Undiscovered is the debut album from American singer Brooke Hogan, released on October 24, 2006 by Storch Music Company and SoBe Entertainment. The album sold 30,000 copies in its first week, debuting at No. 28. As of April 2007, the album had sold a total of 127,000 copies. The album was going to be re-released in 2007 along with a new single, but instead Hogan decided to begin work on her second album.

Background
Brooke Hogan first signed a record deal with Trans Continental Records in 2002. She began work on her debut album in mid-2003 and had an album recorded and ready to be released in September 2004. Unfortunately for Brooke, after her first single "Everything to Me", bombed the charts, the release of her debut album This Voice was canceled and she was dropped from the label.

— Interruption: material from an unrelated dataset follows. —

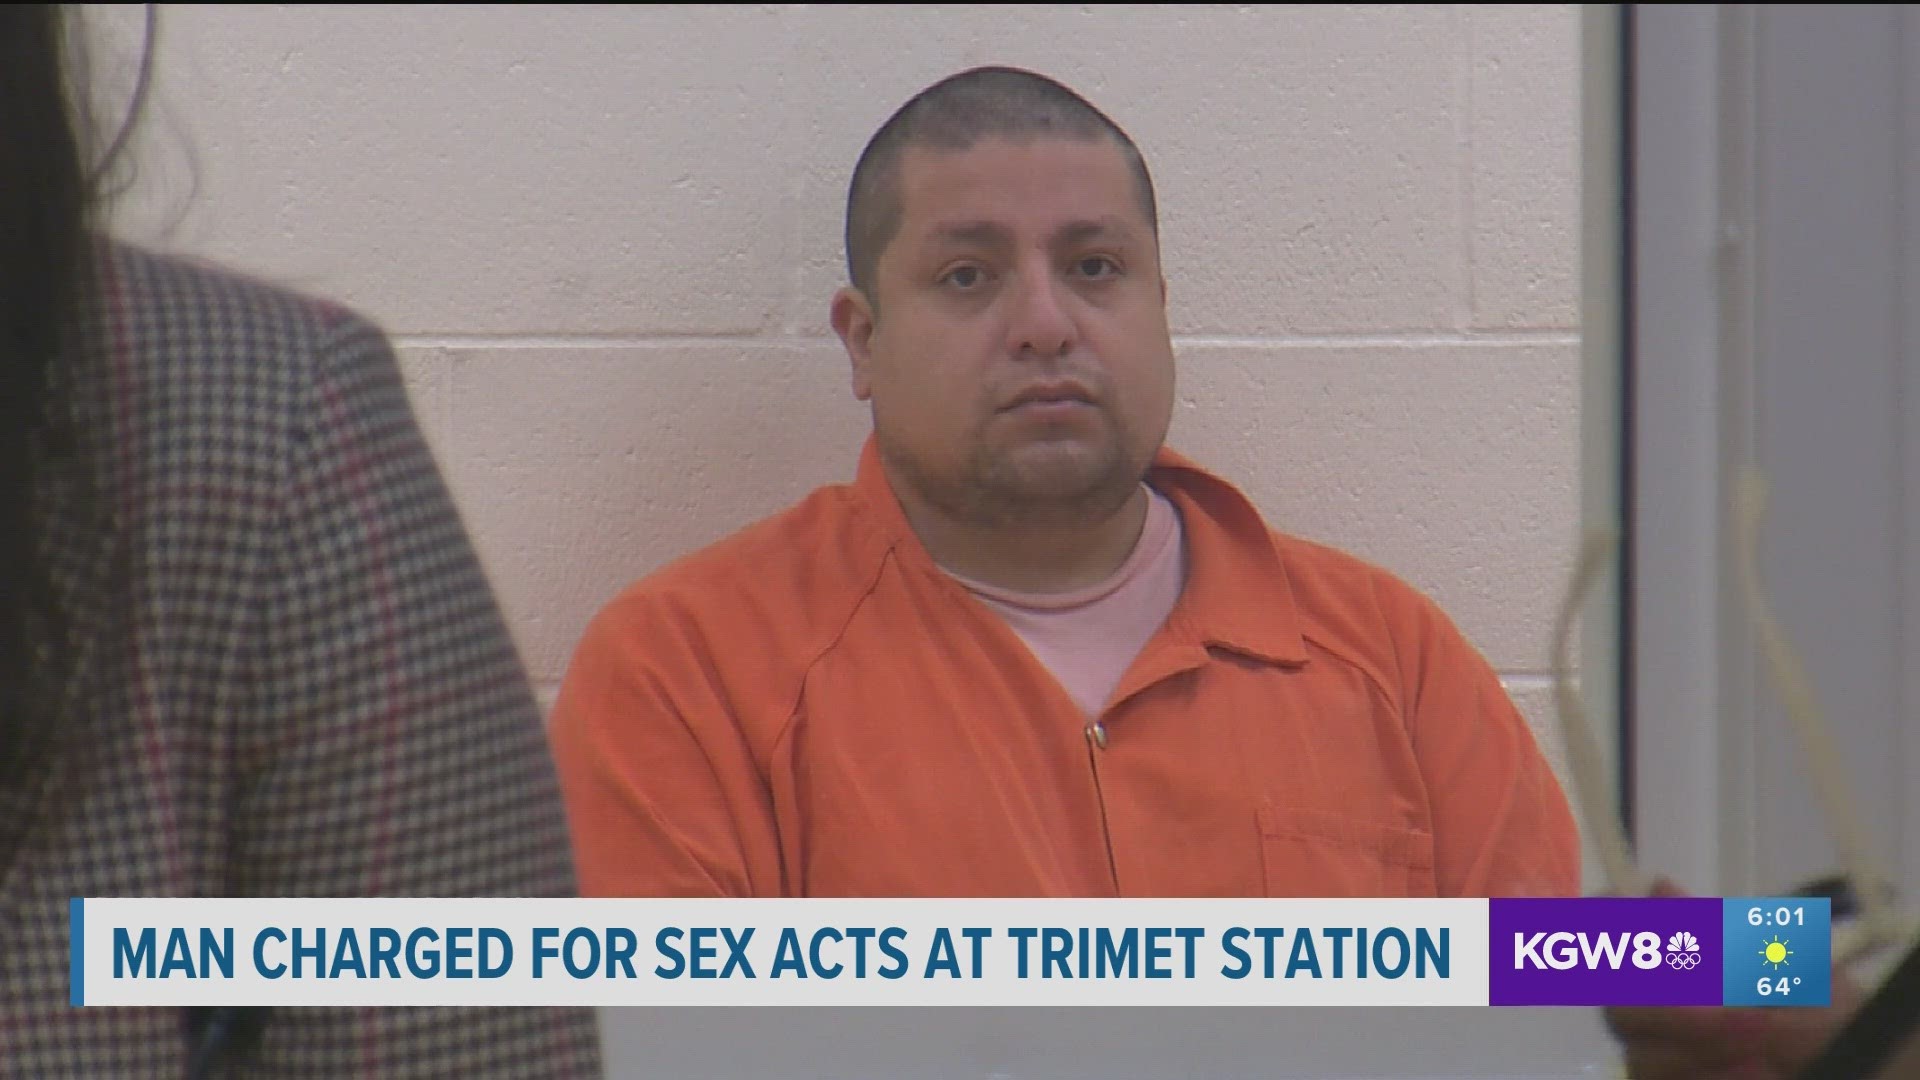 Eduardo Madrid-Roque is facing ten felony charges after prosecutors said he sexually assaulted a 63-year-old woman at the Hillsboro Transit Center.

Two years later, Hogan signed to Storch Music Company, as well as SoBe Entertainment to release her debut album, which she had been recording for three years.

Recording
Hogan recorded the album in Miami, Florida with producer Scott Storch. The song "Beautiful Transformation" was originally to feature a rap by Stacks, but they changed it at the last minute to feature the original lyrics written for the song and sung by Hogan. Brooke stated in August 2007 that she was very unhappy with the record, and she also felt it did not reflect her as an artist like her second album.

Singles
The lead single from the album "About Us"  premiered on the season two finale of Hogan Knows Best. It was officially released on June 13, 2006. The song debuted on the Billboard Hot 100 at No. 33 for the week ending August 19, 2006. The music video premiered on Hogan Knows Best on June 25, 2006. The music video also appeared on Total Request Live on July 24, 2006 as a PRE-RL.

"Heaven Baby" was released as the album's second single on January 2, 2007, and received minimal pop airplay throughout the month of January 2007. A video was going to be filmed in February 2007, but after the song had no success, the plans of making it the second single were cancelled, as was the video.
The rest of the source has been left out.